A place to talk and vent
The Universe Is waiting For you to come and explore it's endless depths.

I was looking for some great blogs and I found yours.
Your layout is great, posts are very easy to read... All around, it's a great journal.
at my place for those sad, hurting, feeling alone and dealing with old wounds
if your interested.
Thank you for stopping by... you have a wonderful blog here! Welcome to bravejournal!
THe winds of change are in the air. Big changes in my life are going on right now. Tenitive plans are being made. There are three opptions for me. But what ever one it will be change is beginning.
I may not be completely ready for the changes . But I'm willing to allow the changes to happen whatever way it does. I may be giving up everything I have and loosing my family and friends. I may end up living the rest of my life alone. Or I could be gaining more than I could ever image. No matter how things end up I'm ready for it to happen.

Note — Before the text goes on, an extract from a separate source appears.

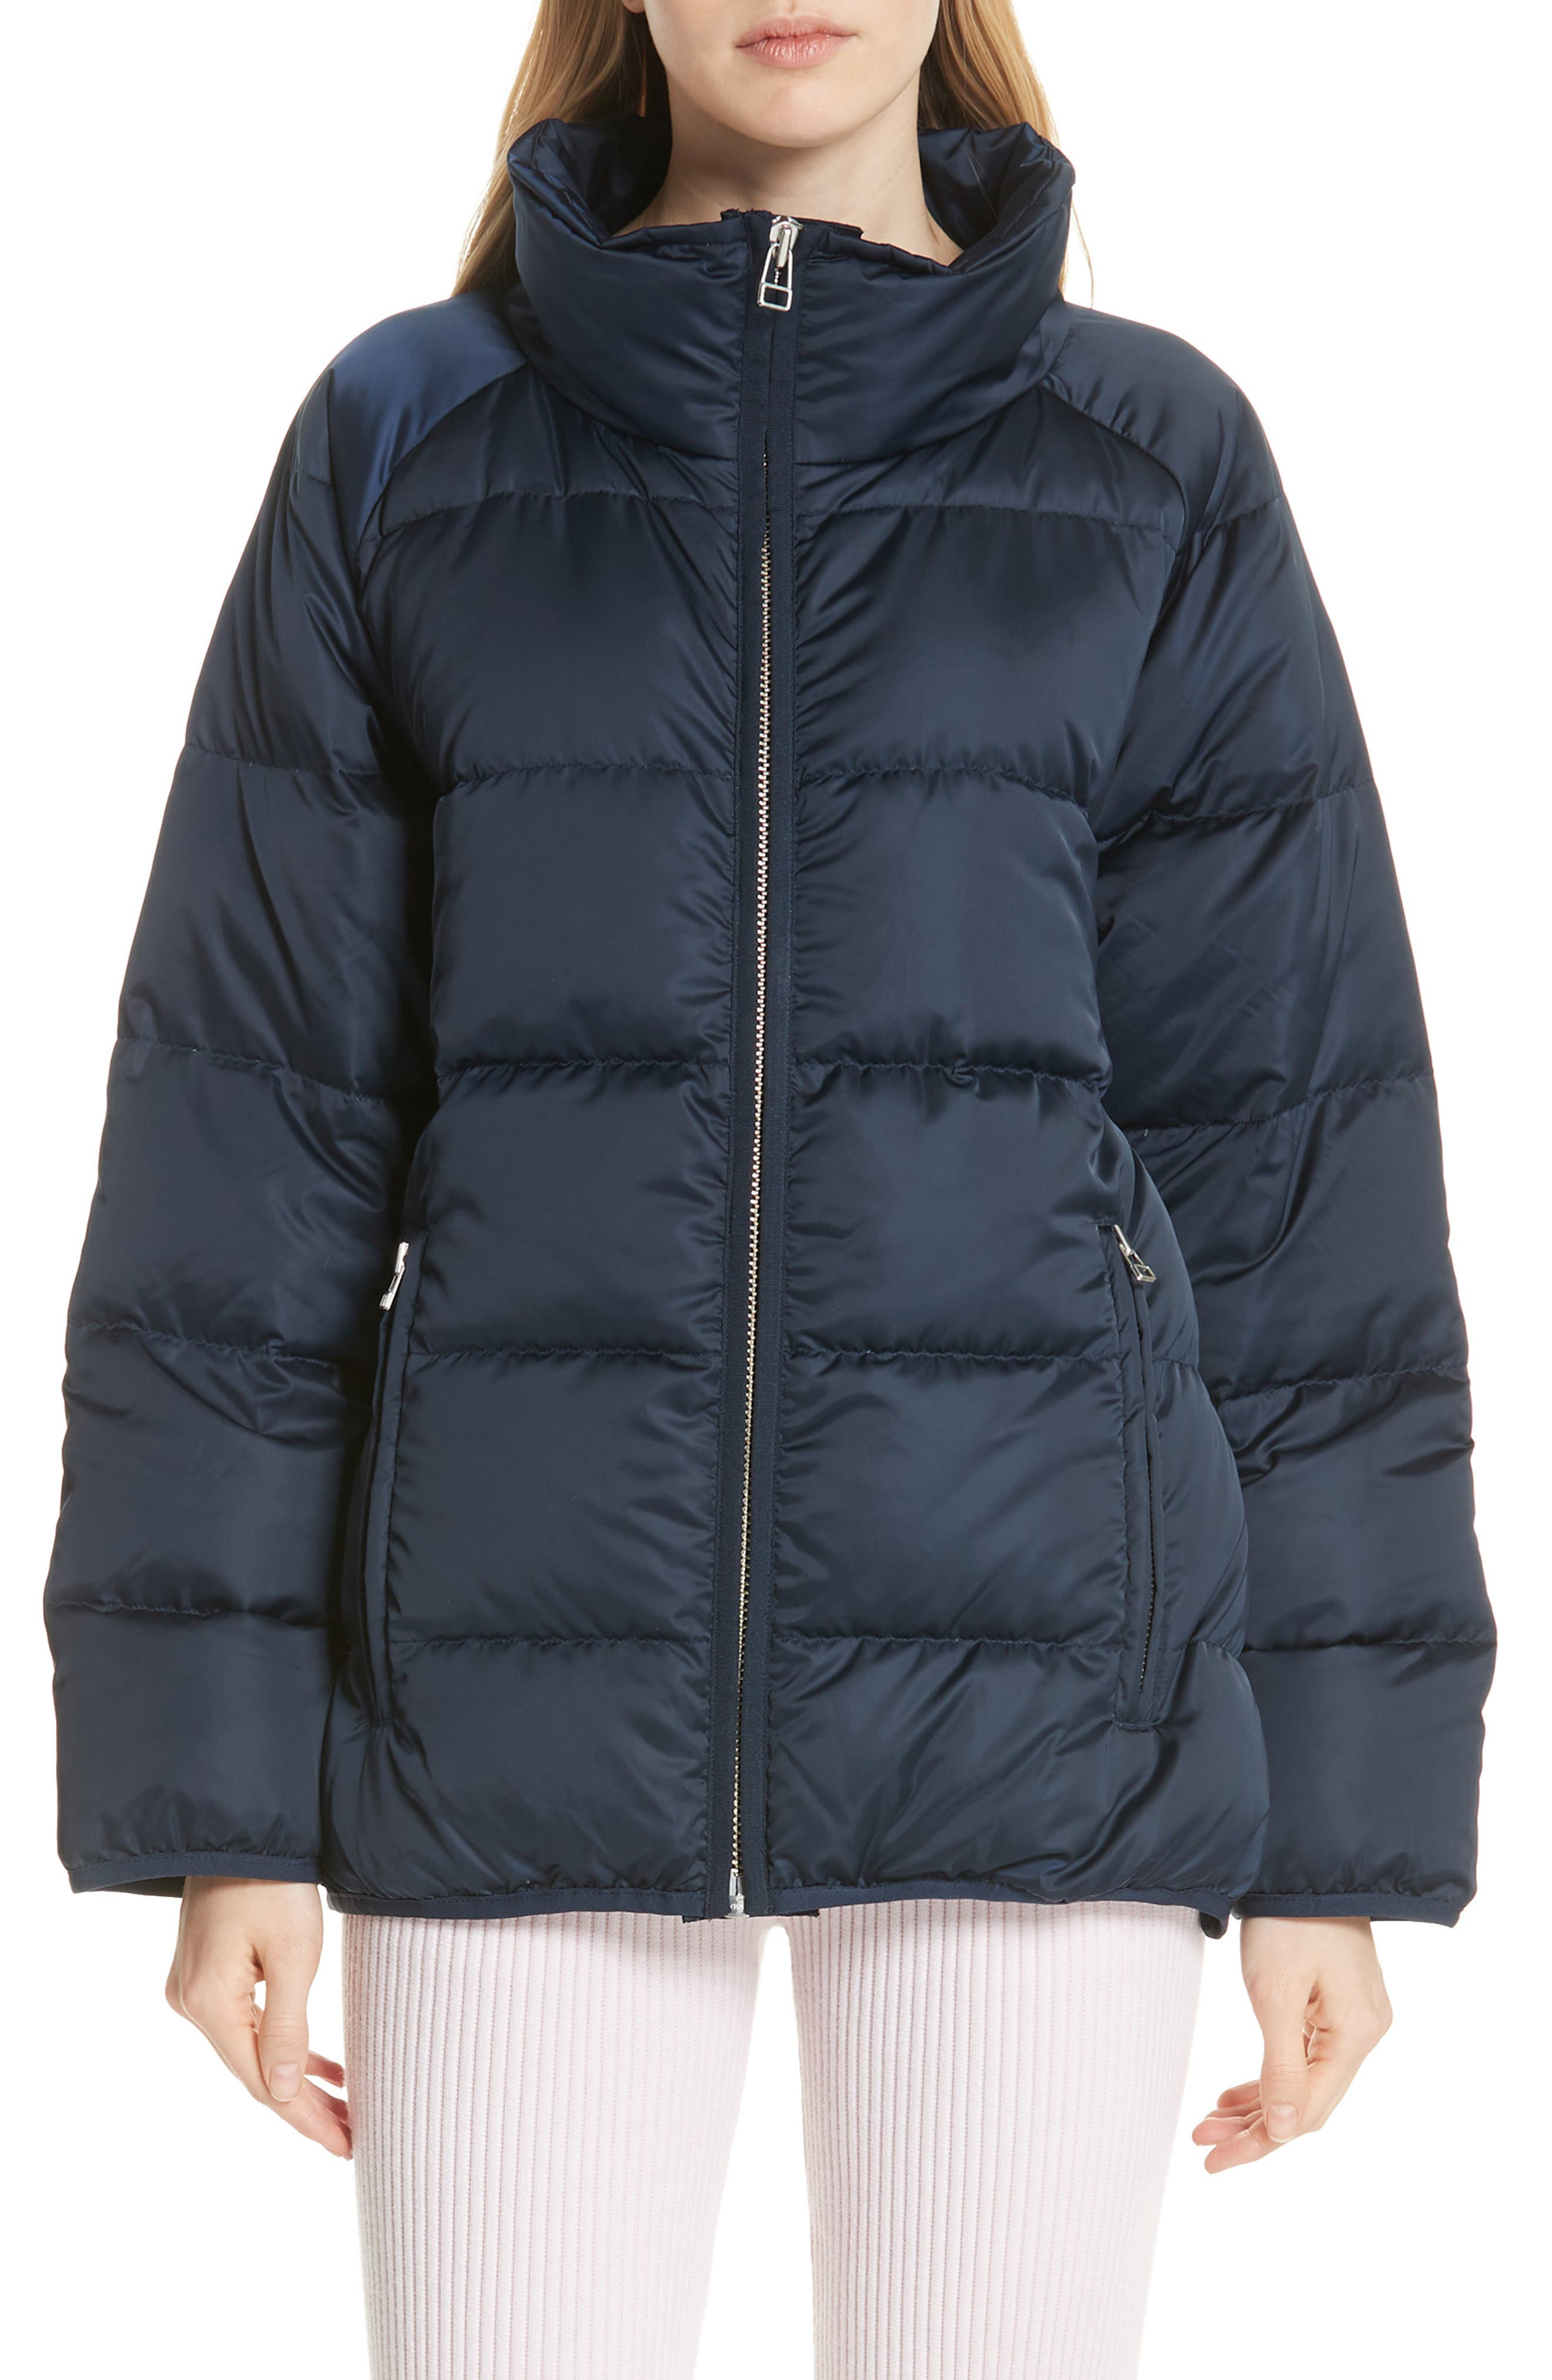 Satin Down Full-Zip Puffer Jacket in Tory Navy

Up to now my life has been worth very little. I have not done much with my life. I've helped only a very small amount of people. I wish I would have been able to help more people. I have not been a very good son and brother. I have given my family alot of pain even though they have not said so I can tell.
I hope I can do more in the near future but I just don't know what will happen. If I end up alone for the rest of my life I am prepared for it. I have learned sewing, cooking, carpentry, and many other skills. I can survive on my own but for how long that would be I don't know. It could be only for a few short months or It could be for another 50 years.
All I can say is that I have tried my best to do what is good and honorable. BUt I'm affraid that it's just not enough.